DATA PROVIDED Block Start

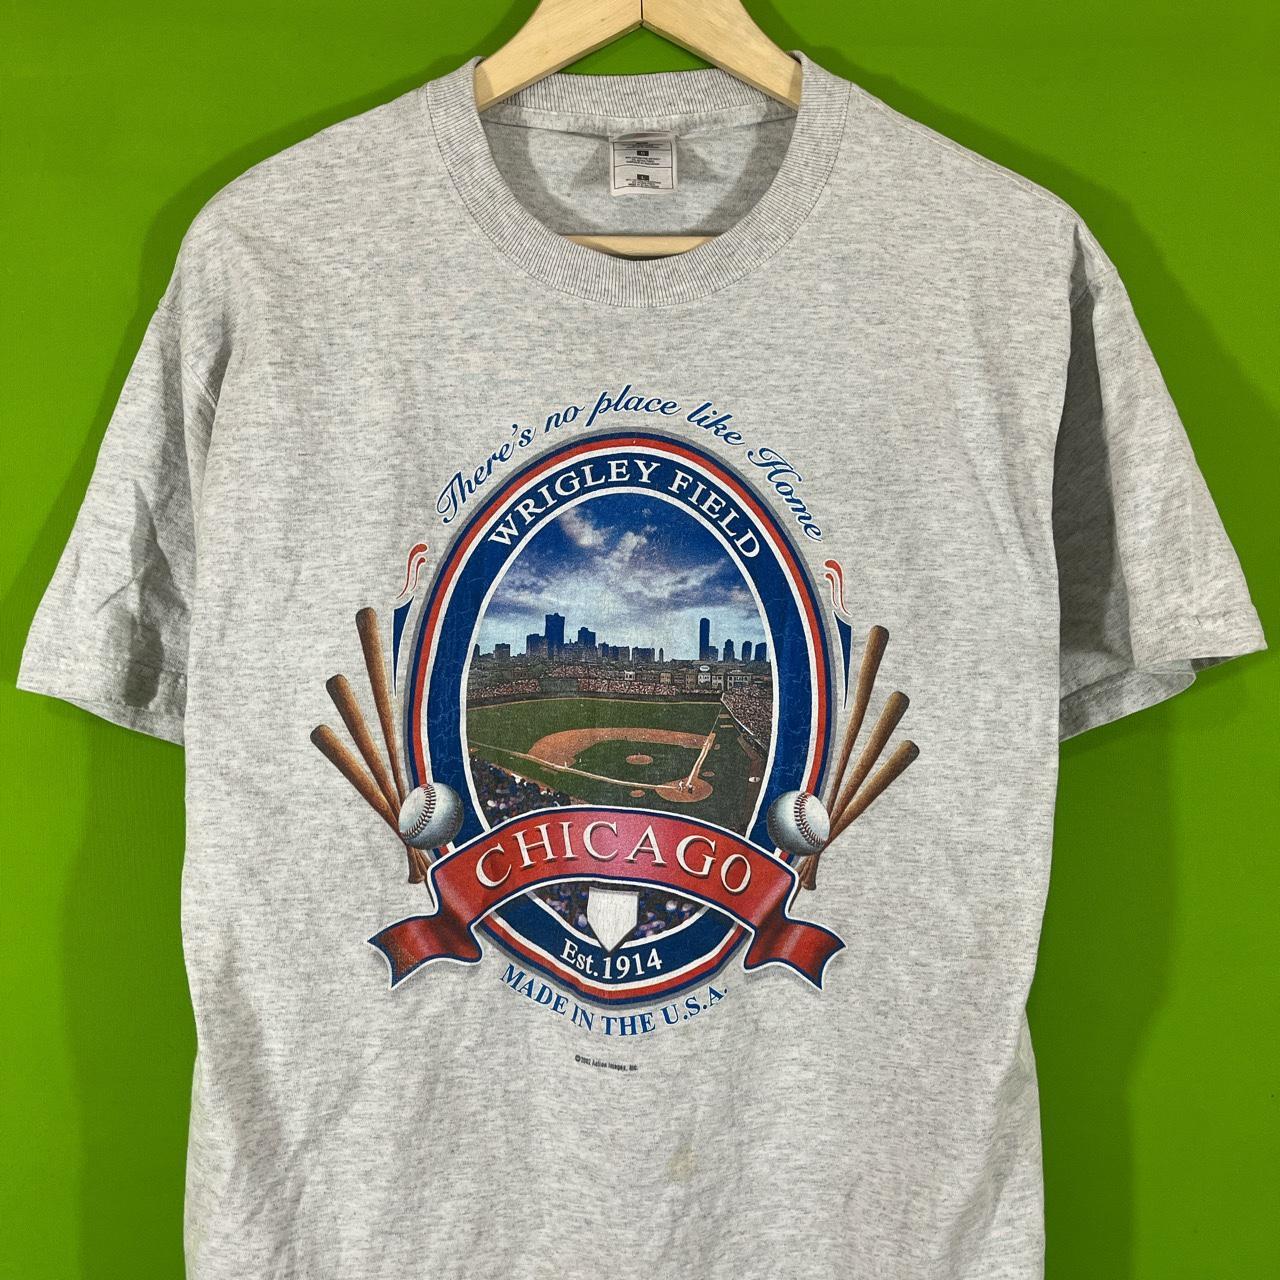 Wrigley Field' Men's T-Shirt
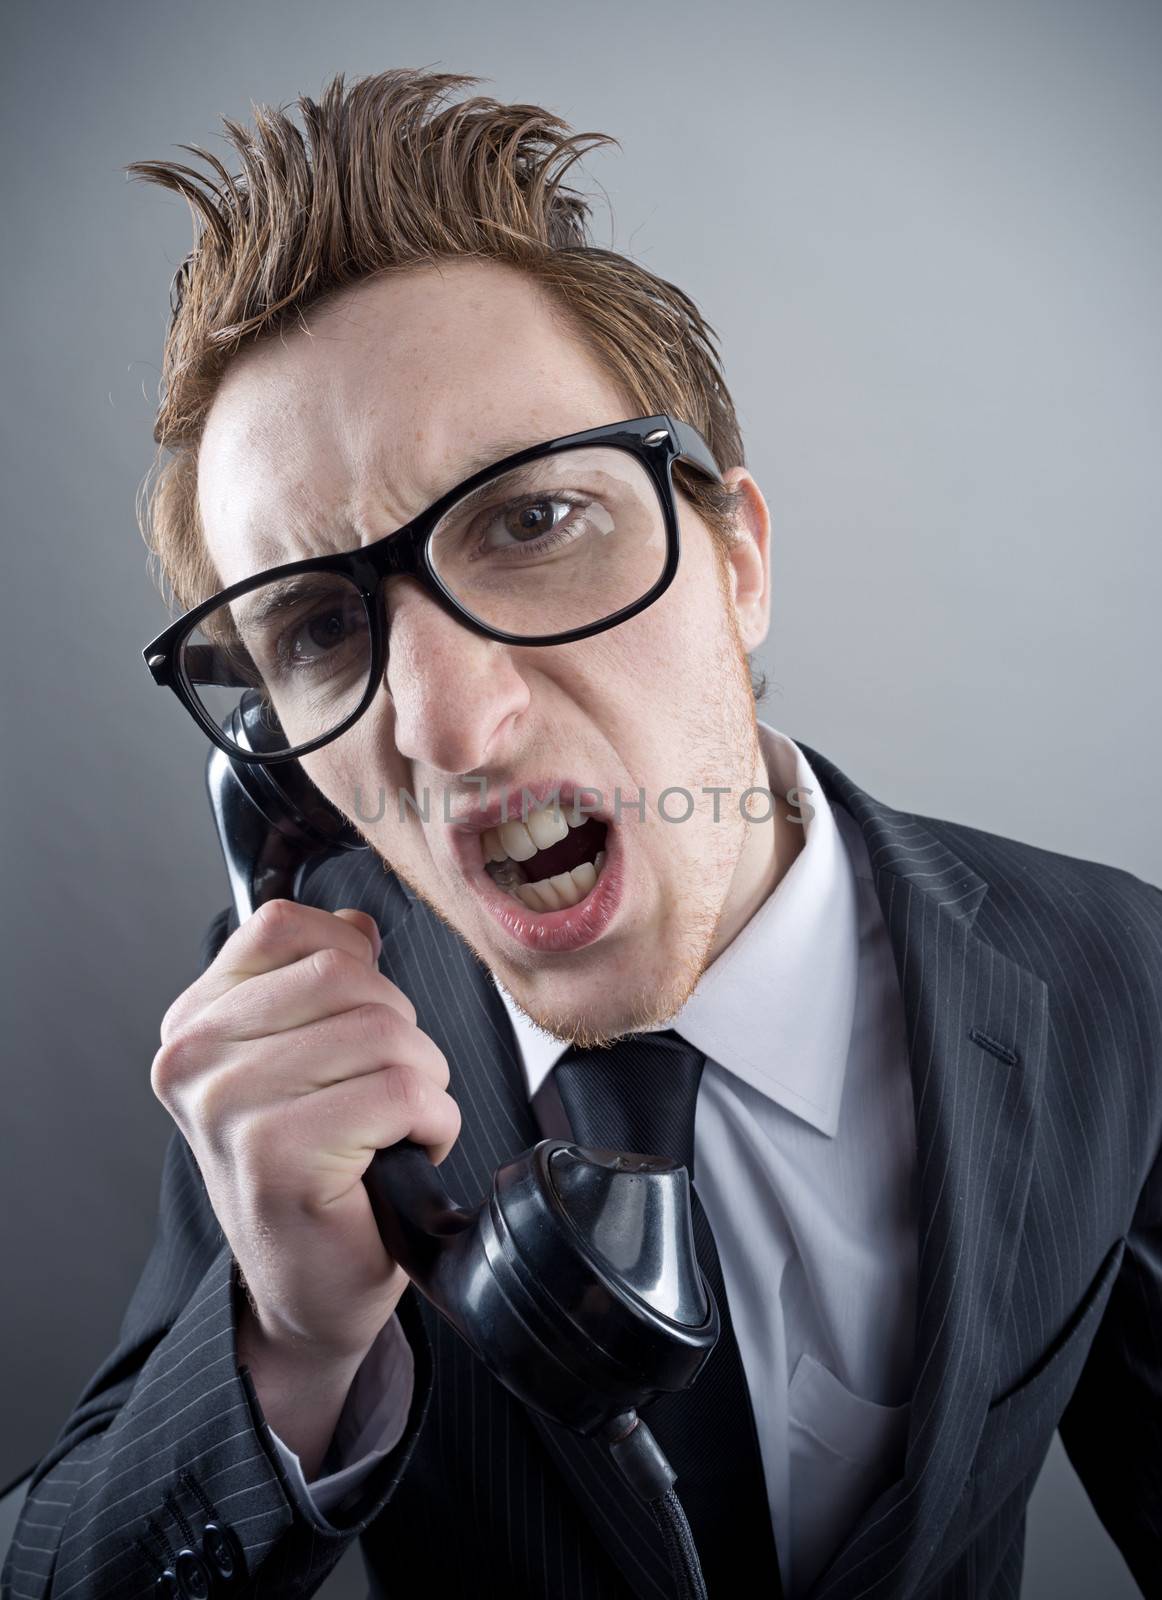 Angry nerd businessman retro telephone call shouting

DATA PROVIDED Block End
DATA PROVIDED Block Start

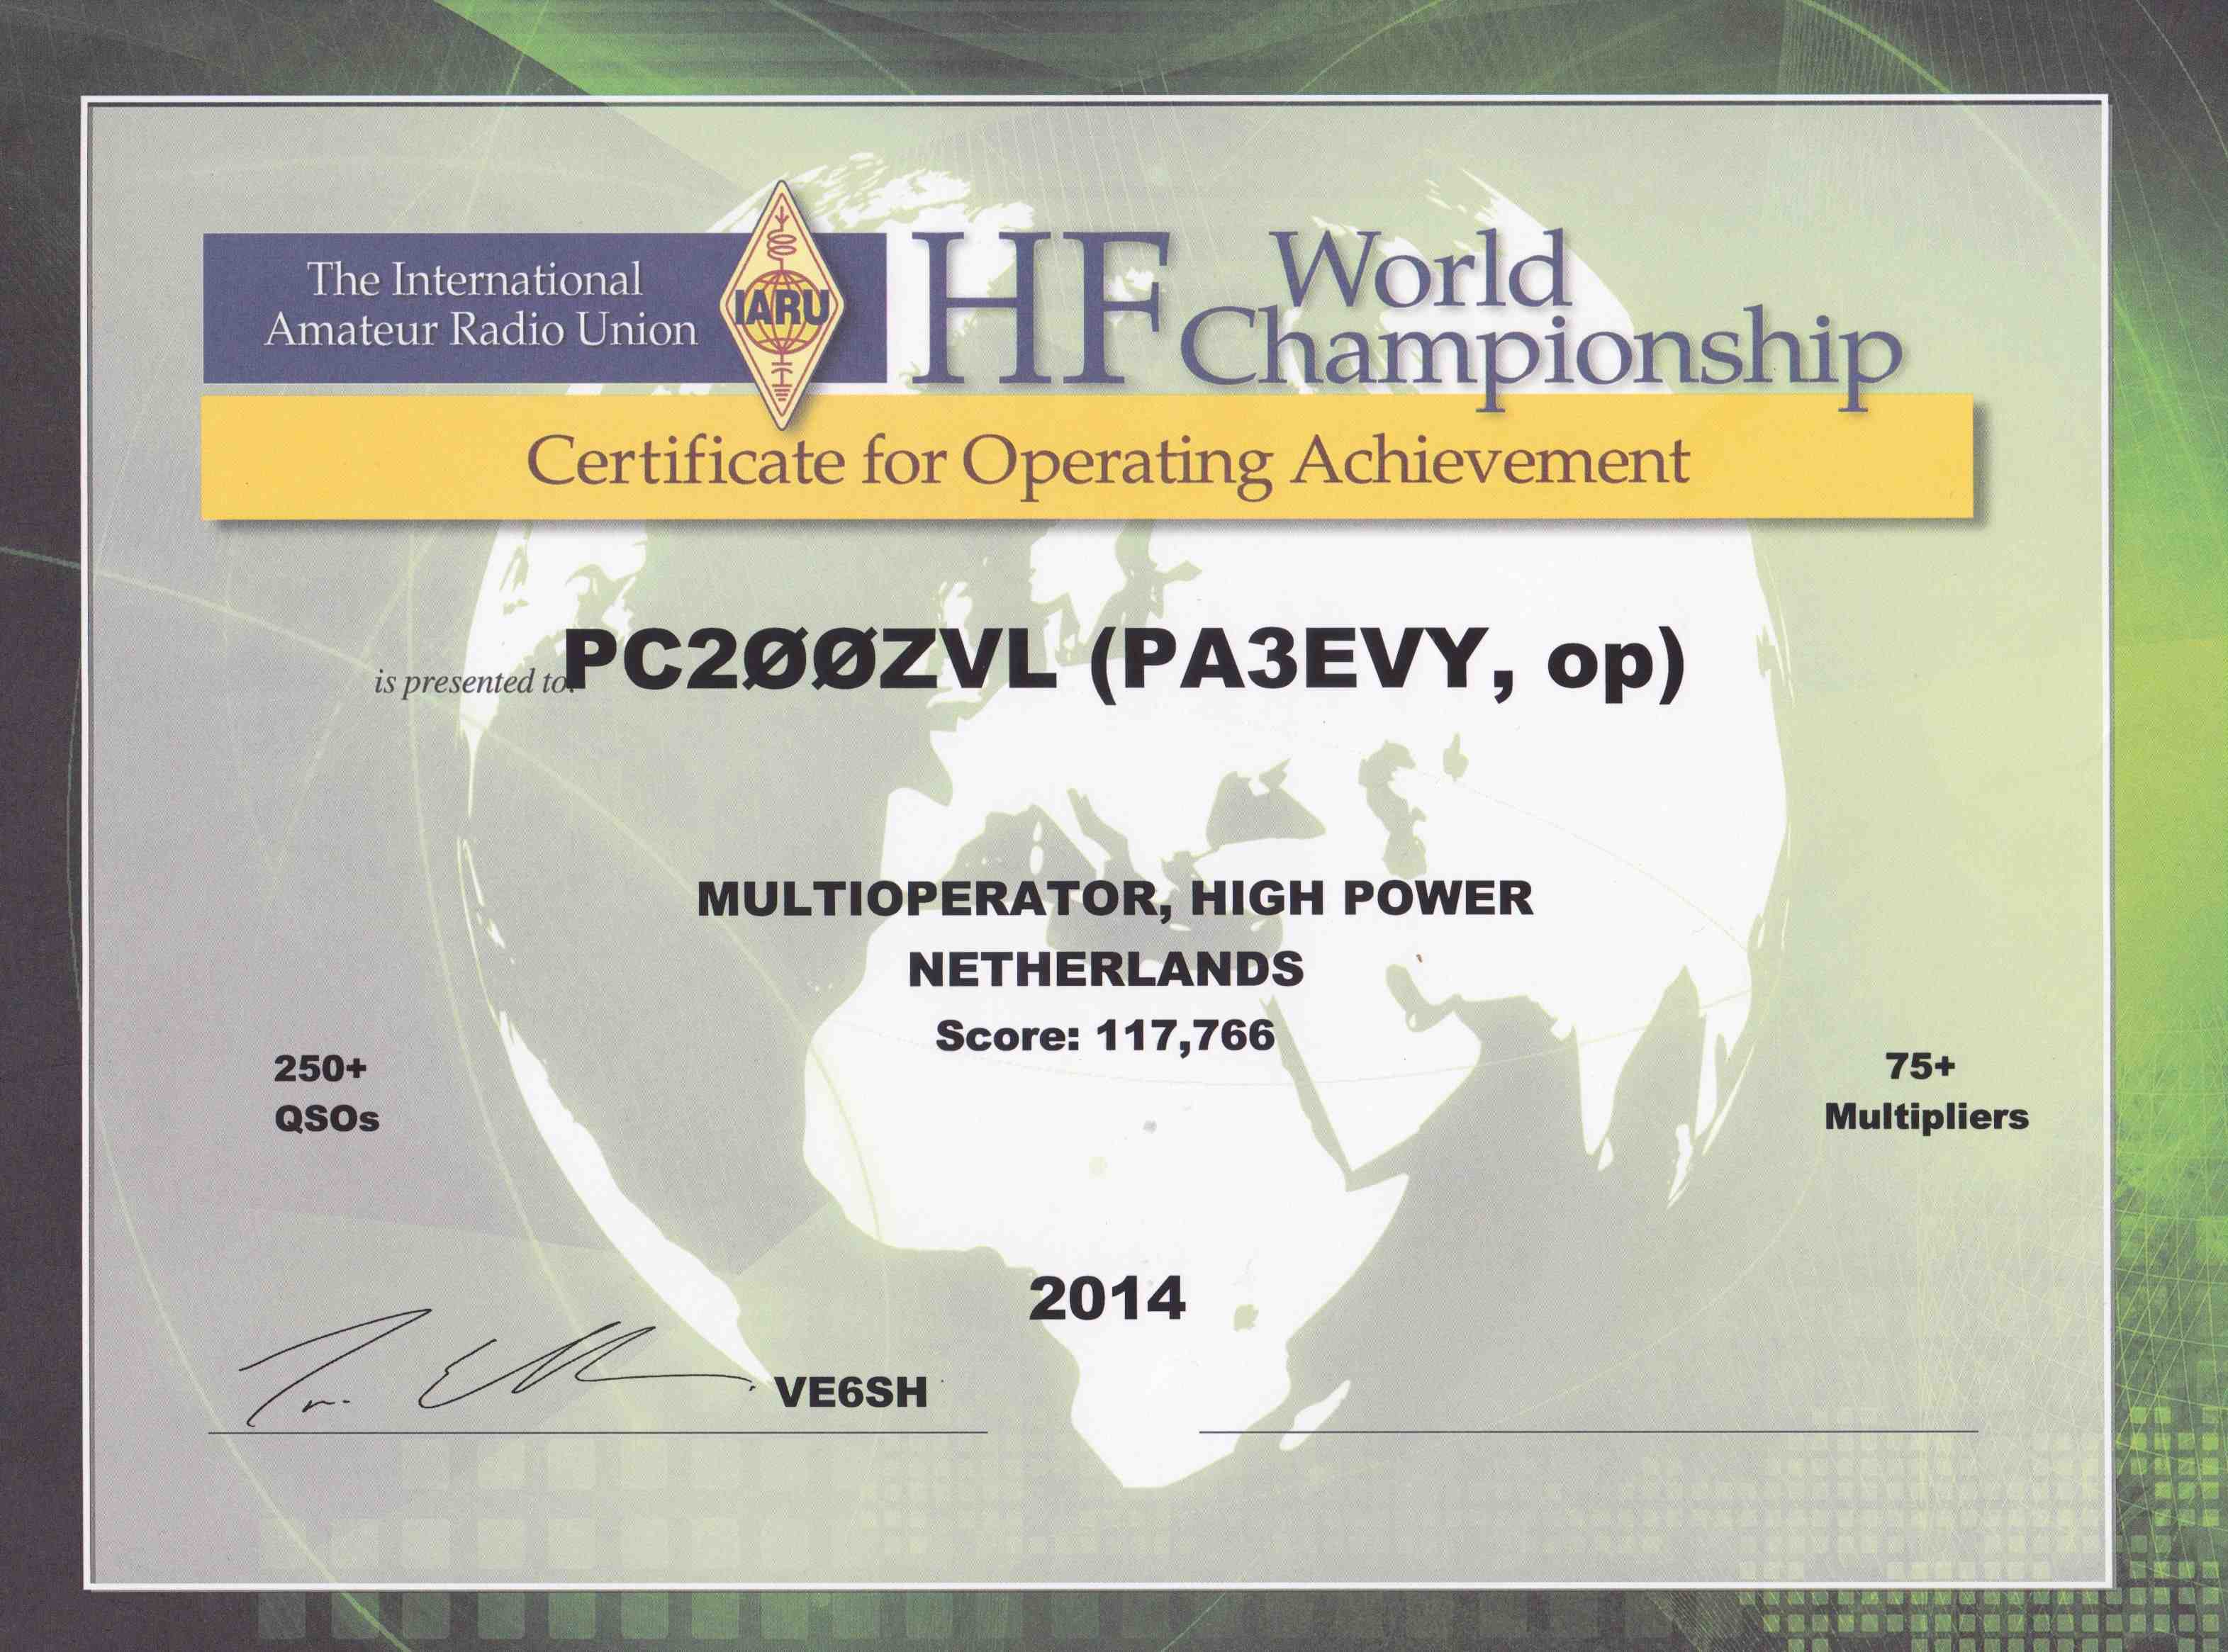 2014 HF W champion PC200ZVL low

DATA PROVIDED Block End
DATA PROVIDED Block Start

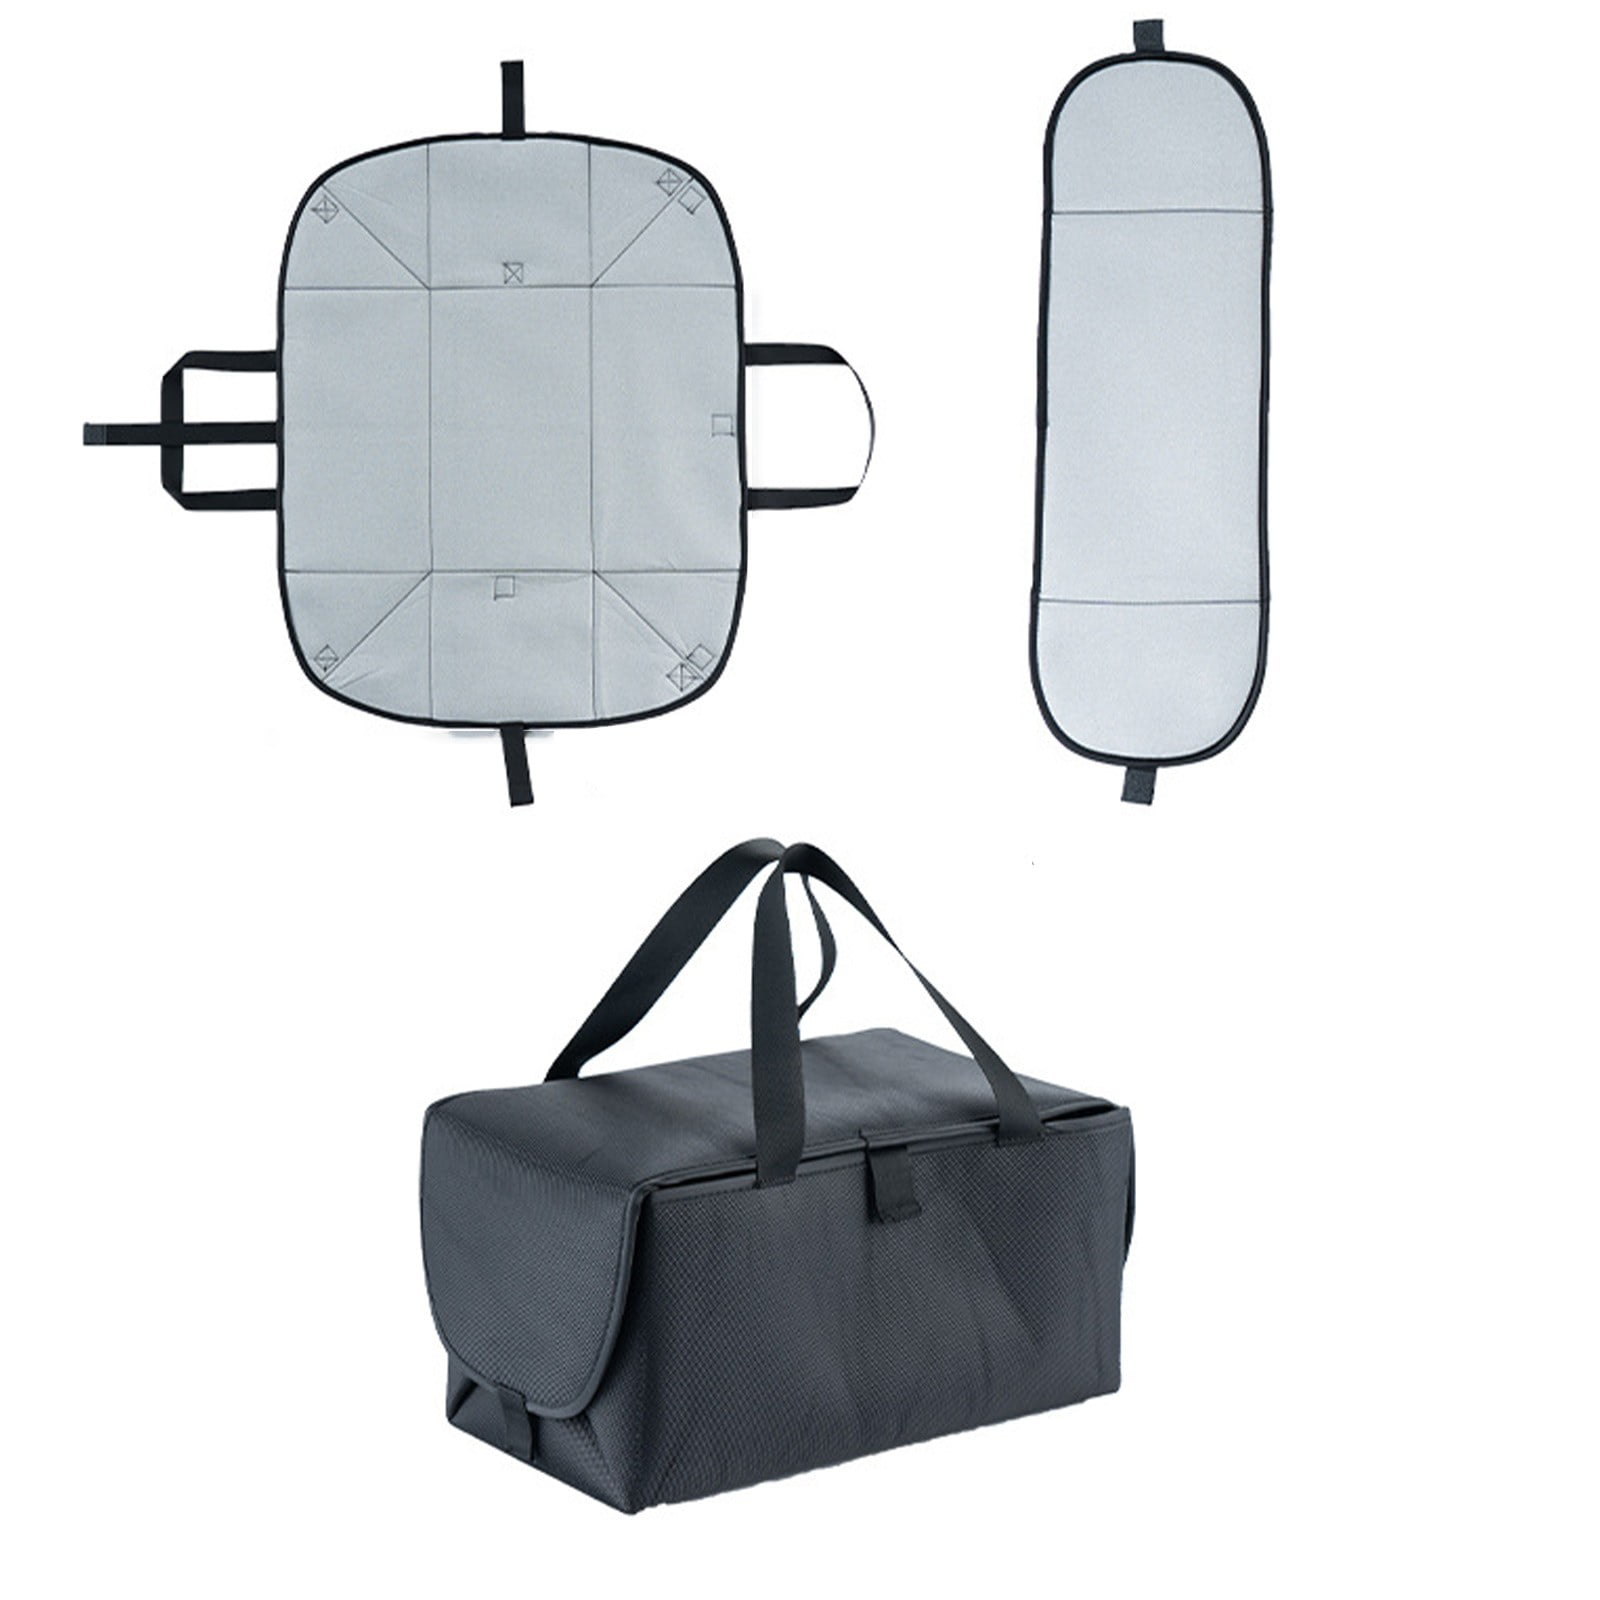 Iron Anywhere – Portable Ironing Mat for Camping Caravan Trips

DATA PROVIDED Block End

TASK TO CARRY OUT:
Go to the line above holding "Wrigley Field' Men's T-Shirt", then copy exactly each line down to and including the one holding "Angry nerd businessman", leaving pictures out.

ANSWER:
 Wrigley Field' Men's T-Shirt
 Angry nerd businessman retro telephone call shouting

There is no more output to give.